Sesam provides a number of out of the box source types, such as SQL and LDAP. It is also easy for developers to expose a microservice that can supply data from an external service. The built-in json source is able to consume data from these endpoints. These custom data providers can be written and hosted in any language.

To help with this there are a number of template projects hosted on ` Sesam community on GitHub <https://github.com/sesam-community>`_ to help you get started.

Transforms

Entities streaming through a pipe can be transformed on their way from the source to the sink.

A transform chain takes a stream of entities, transforms them, and creates a new stream of entities. There are several different transform types supported; the primary one being the DTL transform, which uses the Data Transformation Language (DTL) to join and transform data into new shapes.

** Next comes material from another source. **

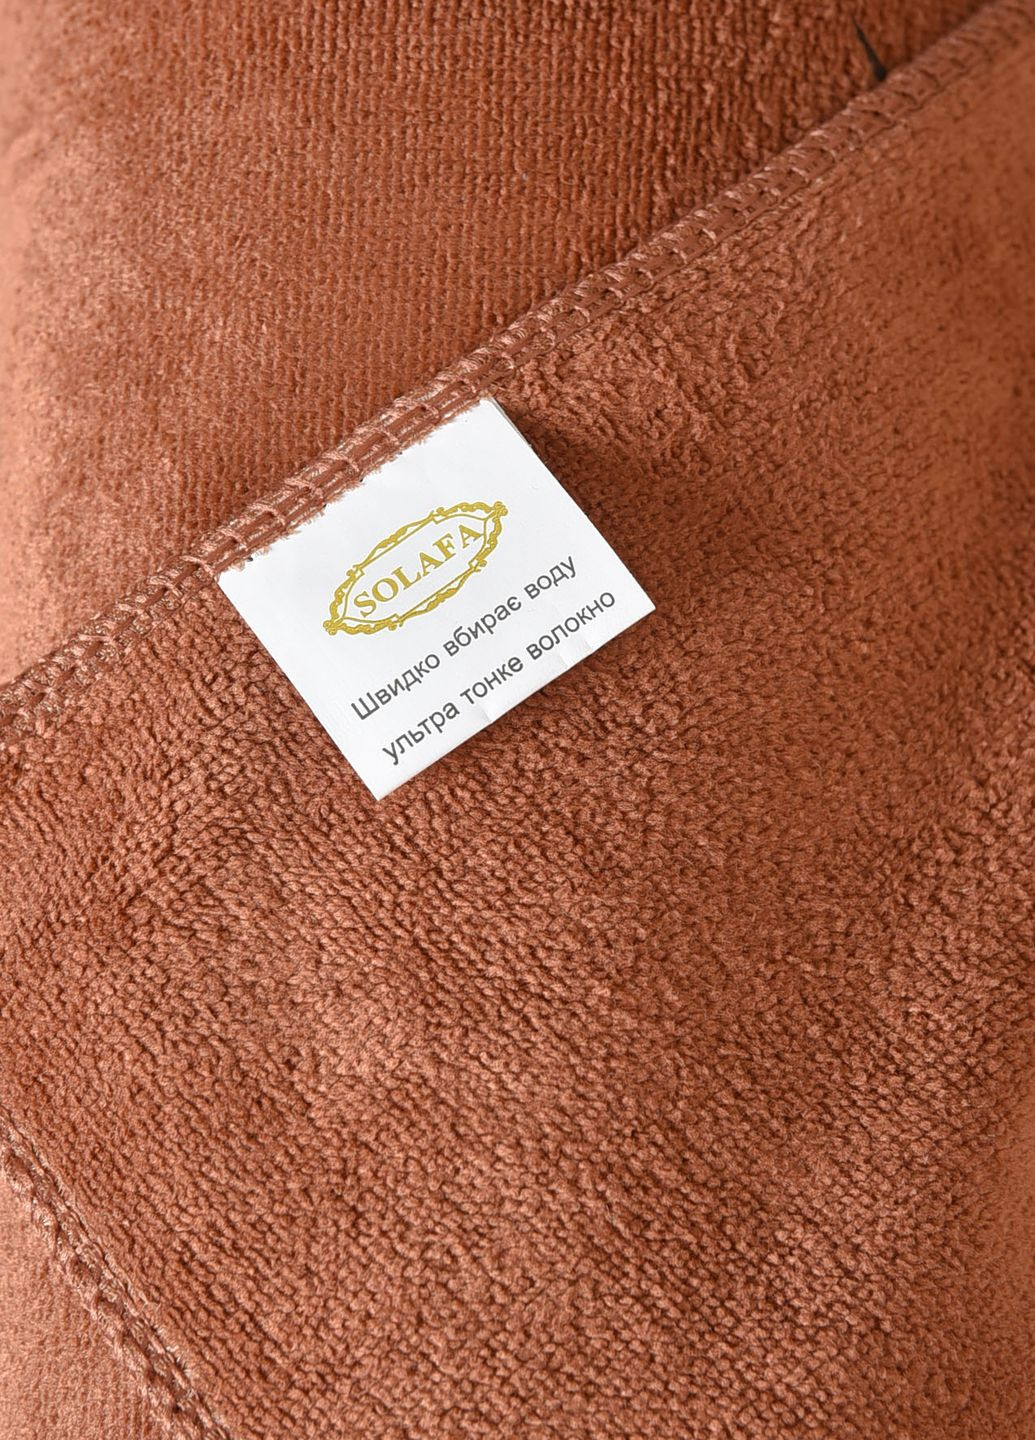 Let's Shop полотенце кухонное микрофибра коричневого цвета однотонный коричневый производство - Китай
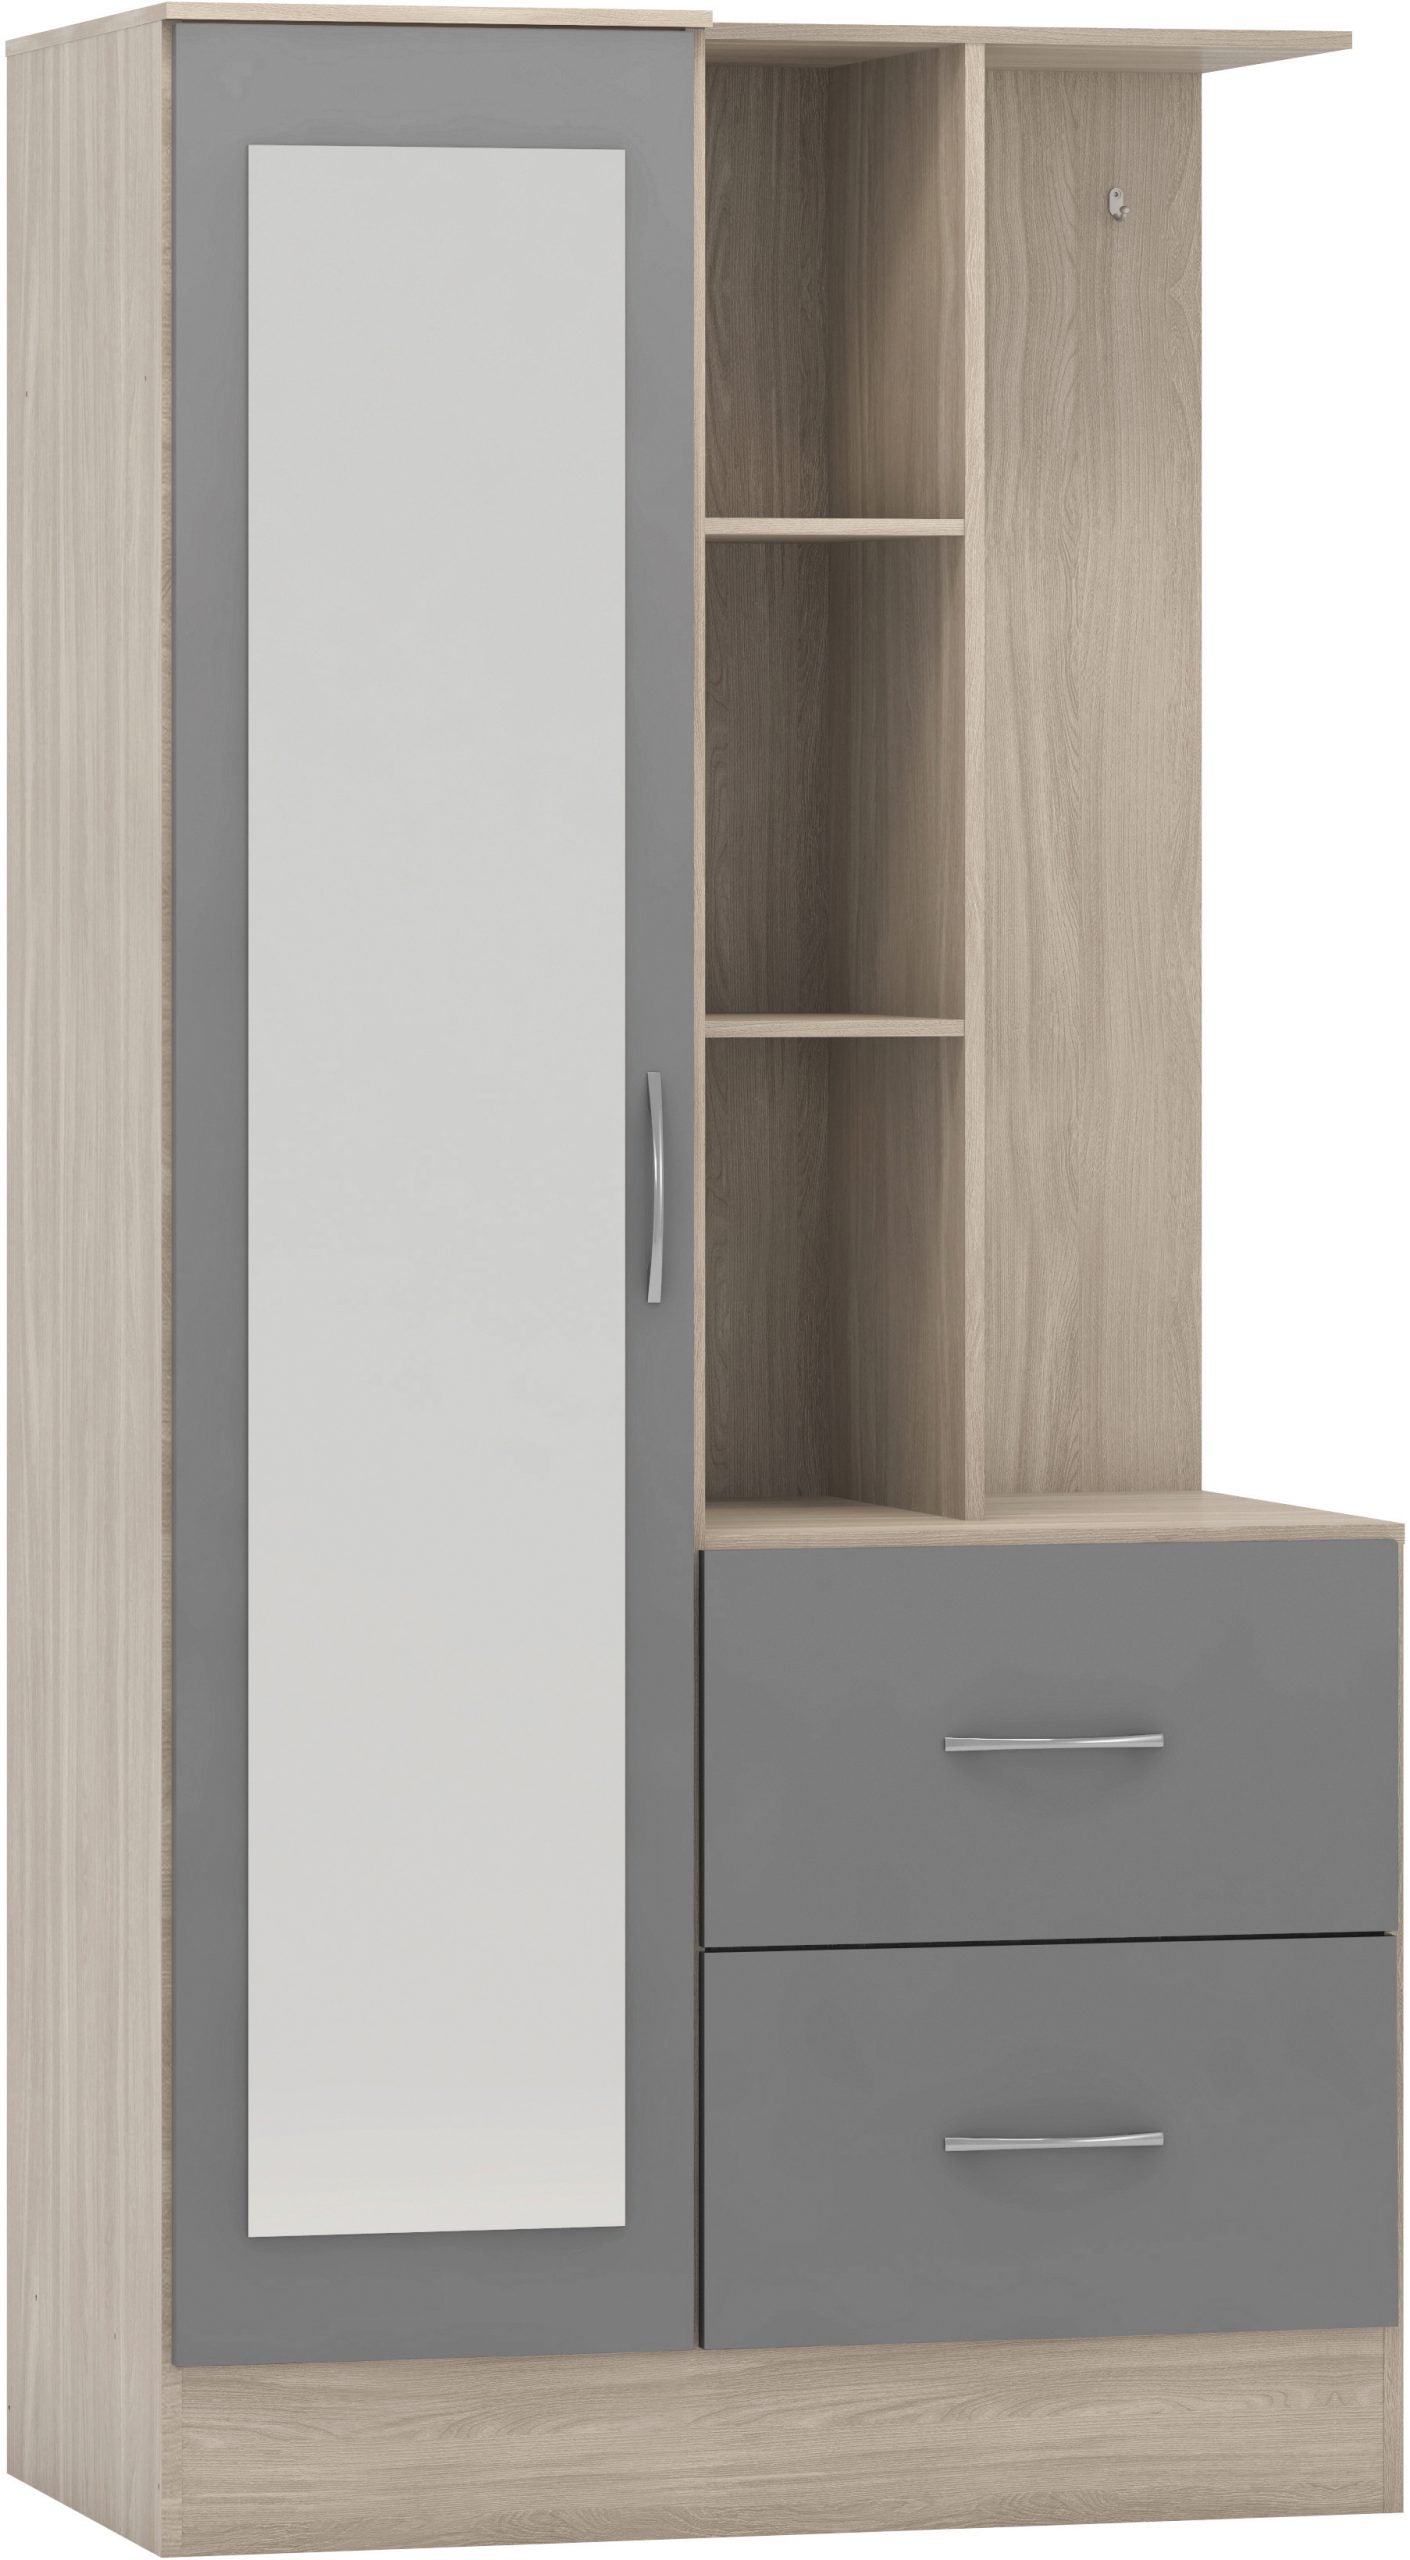 Nevada Mirrored Open Shelf Wardrobe Grey Gloss/Light Oak Effect Veneer

DTL has a simple syntax and model where the user declares how to construct a new data entity. It has commands such as ‘add’, ‘copy’, and ‘merge’. These may operate on properties, lists of values or complete entities.

Transform

In general, DTL is applied to entities in a dataset and the resulting entities are pushed into a sink that writes to a new dataset. The new dataset is then used as a source for sinks that write the data to external systems.

Sinks

A sink is a component that can consume entities fed to it by a pump. The sink has the responsibility to write these entities to the target, handle transactional boundaries and potentially batching of multiple entities if supported by the target system.

Several types of sinks, such as the SQL sink, are available. Using the JSON push sink enables entities to be pushed to custom microservices or other Sesam service instances.

Sink

Note

The most common sink is the dataset sink, which writes entities to a dataset. But there are also sinks that can write data to external systems outside of Sesam.

Pumps

A scheduler handles the mechanics of pumping data from a source to a sink. It runs periodically or on a cron schedule and reads entities from a source and writes them to a sink.

It’s also capable of rescanning the source from scratch at configurable points in time. If errors occur during reading or writing of entities, it will keep a log of the failed entities, and in the case of writes it can retry writing an entity later.

The retry strategy is configurable in several ways and if an end state is reached for a failed entity, it can be written to a dead letter dataset for further processing.

Flows

Pipes read from sources and writes to sinks. The output of one pipe can be read by many downstream pipes. In this way pipes can be chained together into a directed graph – also called a flow. In some special situations you may also have cycles in this graph. The Sesam Management Studio has features for visualising and inspecting flows.

Environment Variables

An environment variable is a named value that you can reference in your configuration. Environment variables are used to parameterize your configuration so that you can easily enable/disable or change certain aspects of your configuration. If you have an environment variable called myvariable then you can reference it in configuration like this: "$ENV(myvariable)".

Note

Do not use environment variables for sensitive values; use secrets instead. Environment variables are global only.

Secrets

Secrets are like environment variables except that they are write-only. Once written to the API you cannot read them back out, but you can reference them in your configuration. They should be used for sensitive values like passwords and other credentials.

A secret can only be used in certain locations of the configuration. If you have a secret called mysecret then you can reference it in configuration like this: "$SECRET(mysecret)".

It is recommended that secrets are local. They can also be global but it is not recommended.

Service Metadata

The service metadata is a singleton configuration entity that is used for service-wide settings.